Bhavya Jain


2025

pdf bib
LeCNet: A Legal Citation Network Benchmark Dataset
Pooja Harde | Bhavya Jain | Sarika Jain
Proceedings of the 1st Workshop on NLP for Empowering Justice (JUST-NLP 2025)

Legal document analysis is pivotal in modern judicial systems, particularly for case retrieval, classification, and recommendation tasks. Graph neural networks (GNNs) have revolutionized legal use cases by enabling the efficient analysis of complex relationships. Although existing legal citation network datasets have significantly advanced research in this domain, the lack of large-scale open-source datasets tailored to the Indian judicial system has limited progress. To address this gap, we present the Indian Legal Citation Network (LeCNet) - the first open-source benchmark dataset for the link prediction task (missing citation recommendation) in the Indian judicial context. The dataset has been created by extracting information from the original judgments. LeCNet comprises 26,308 nodes representing case judgments and 67,108 edges representing citation relationships between the case nodes.
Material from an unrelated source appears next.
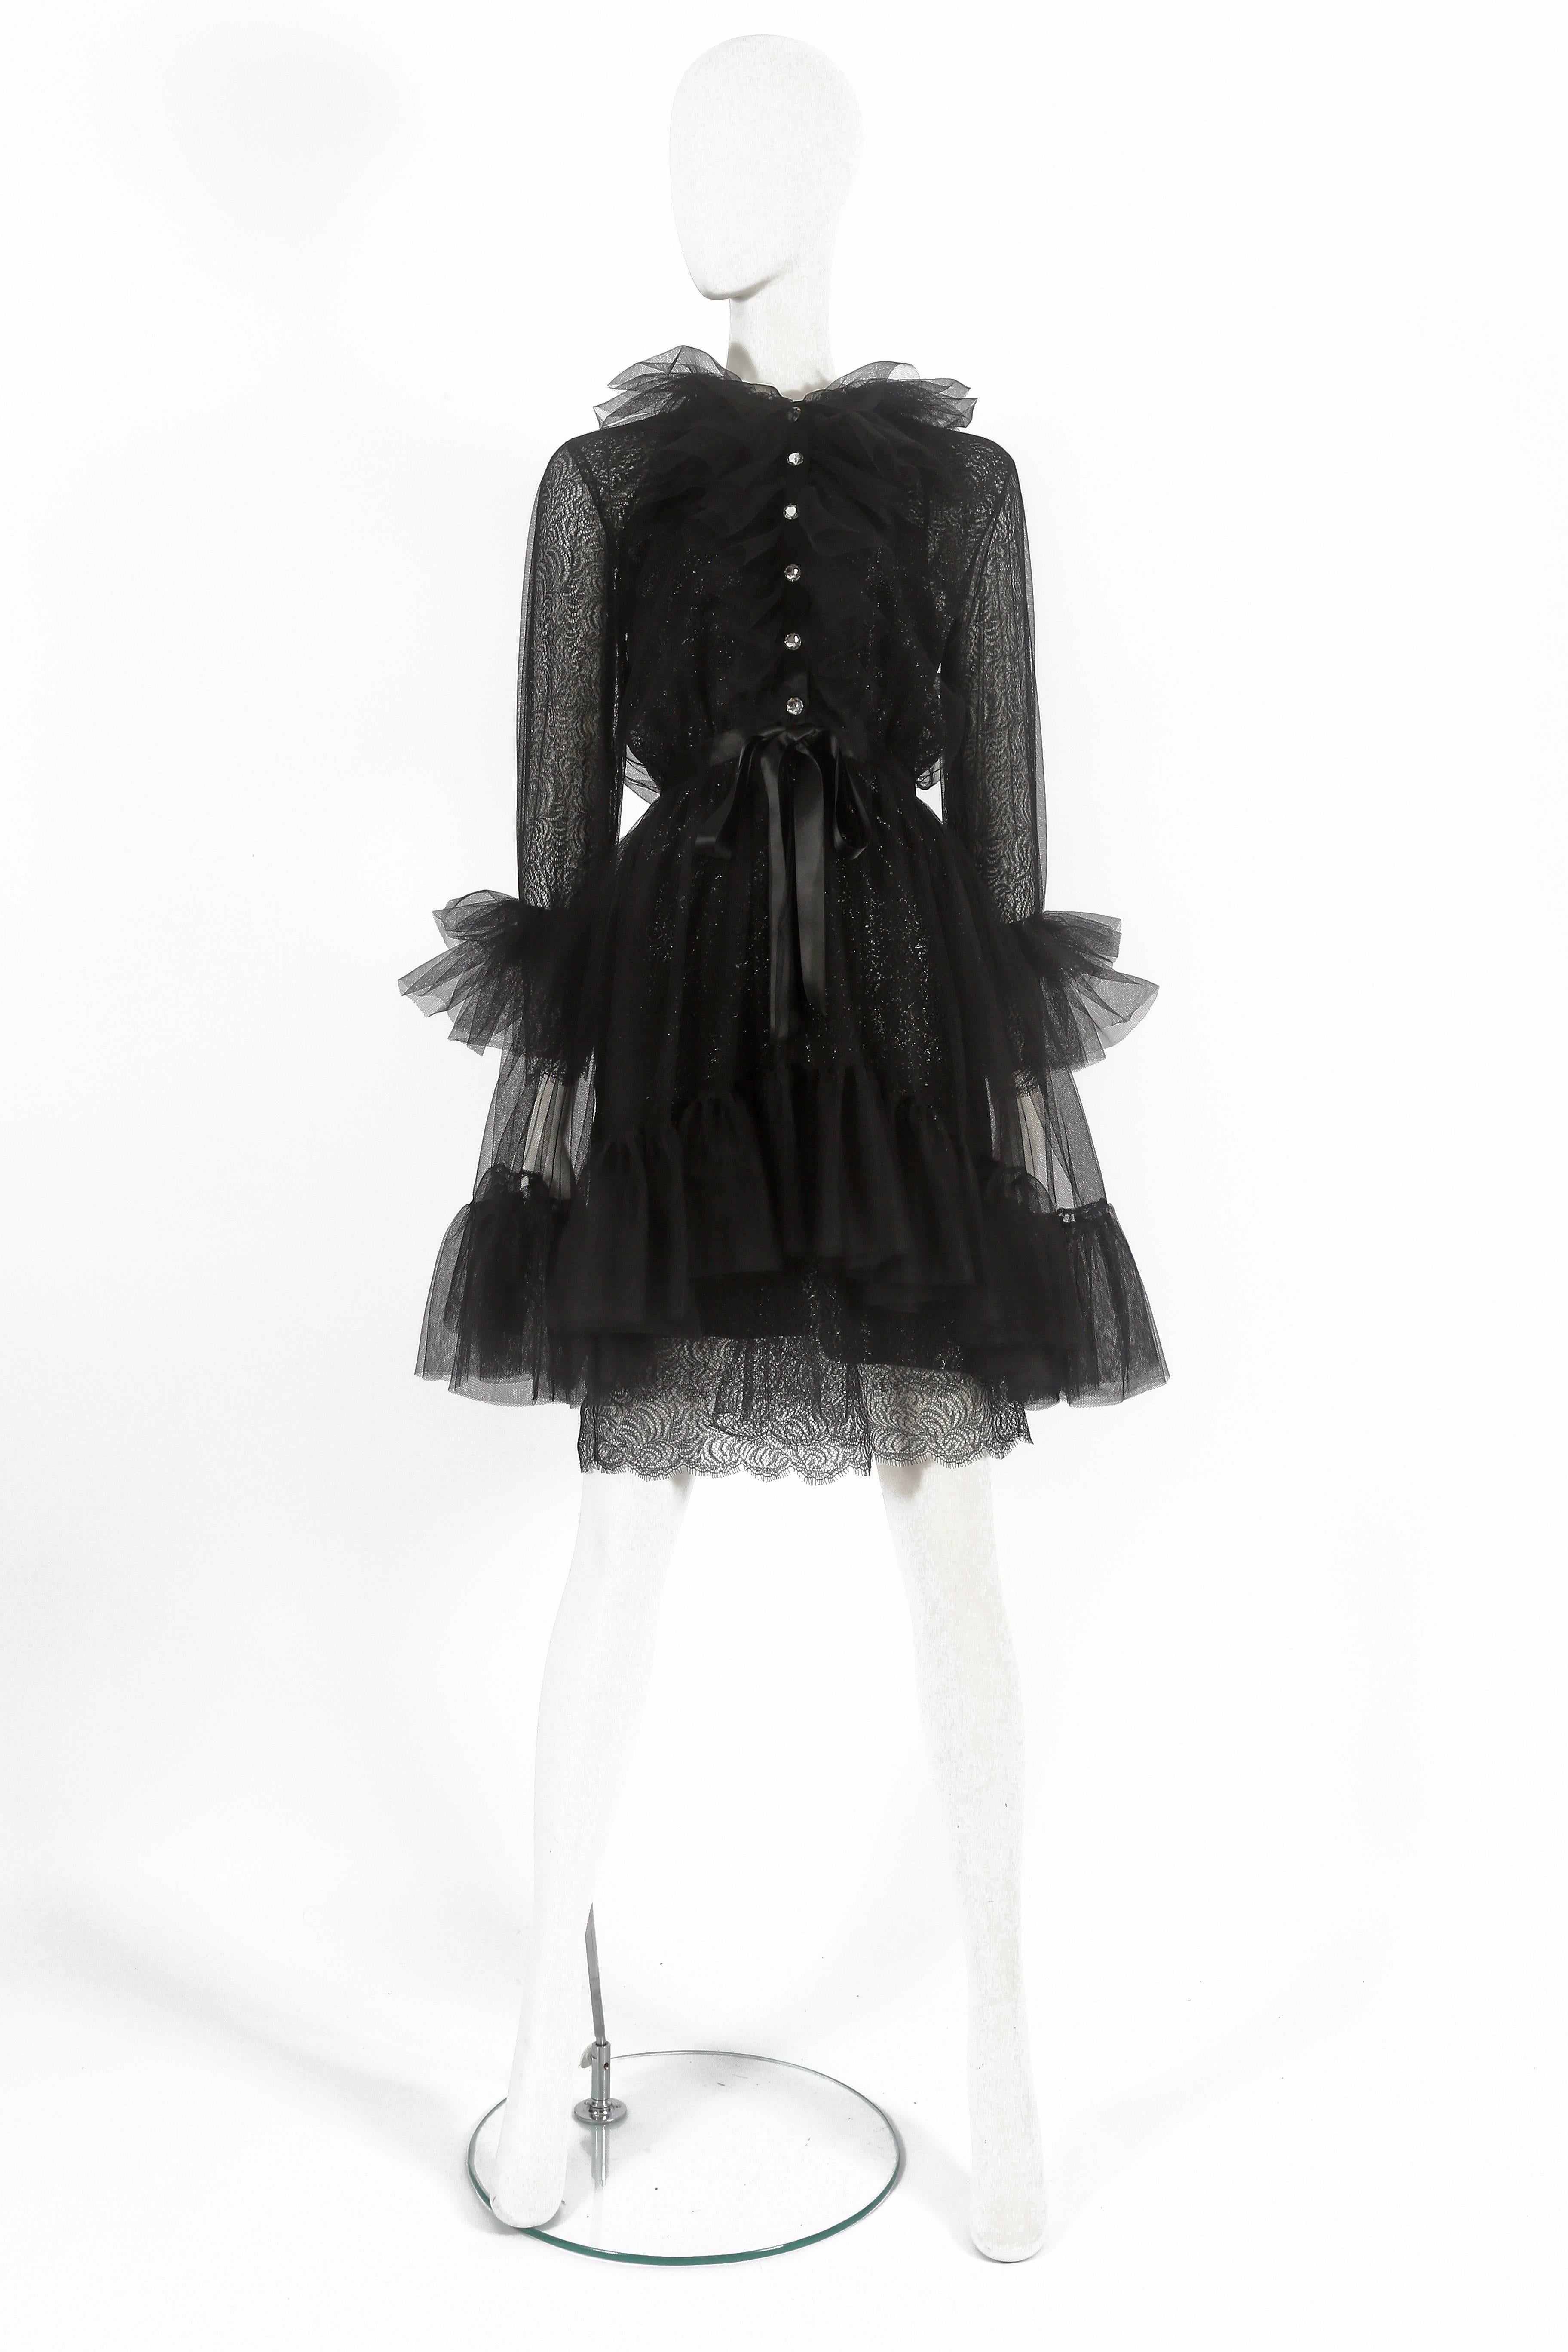 Exquisite and rare Yves Saint Laurent cocktail dress, circa 1980. The dress features two layers of lace, tulle overlayer with ruffled skirt, cuffs and collar, rhinestone buttons, silk bow fastening and attachable silk slip.

Each node is described with rich features of document embeddings that incorporate contextual information from the case documents. Baseline experiments using various machine learning models were conducted for dataset validation. The Mean Reciprocal Rank (MRR) metric is used for model evaluation. The results obtained demonstrate the utility of the LeCNet dataset, highlighting the advantages of graph-based representations over purely textual models.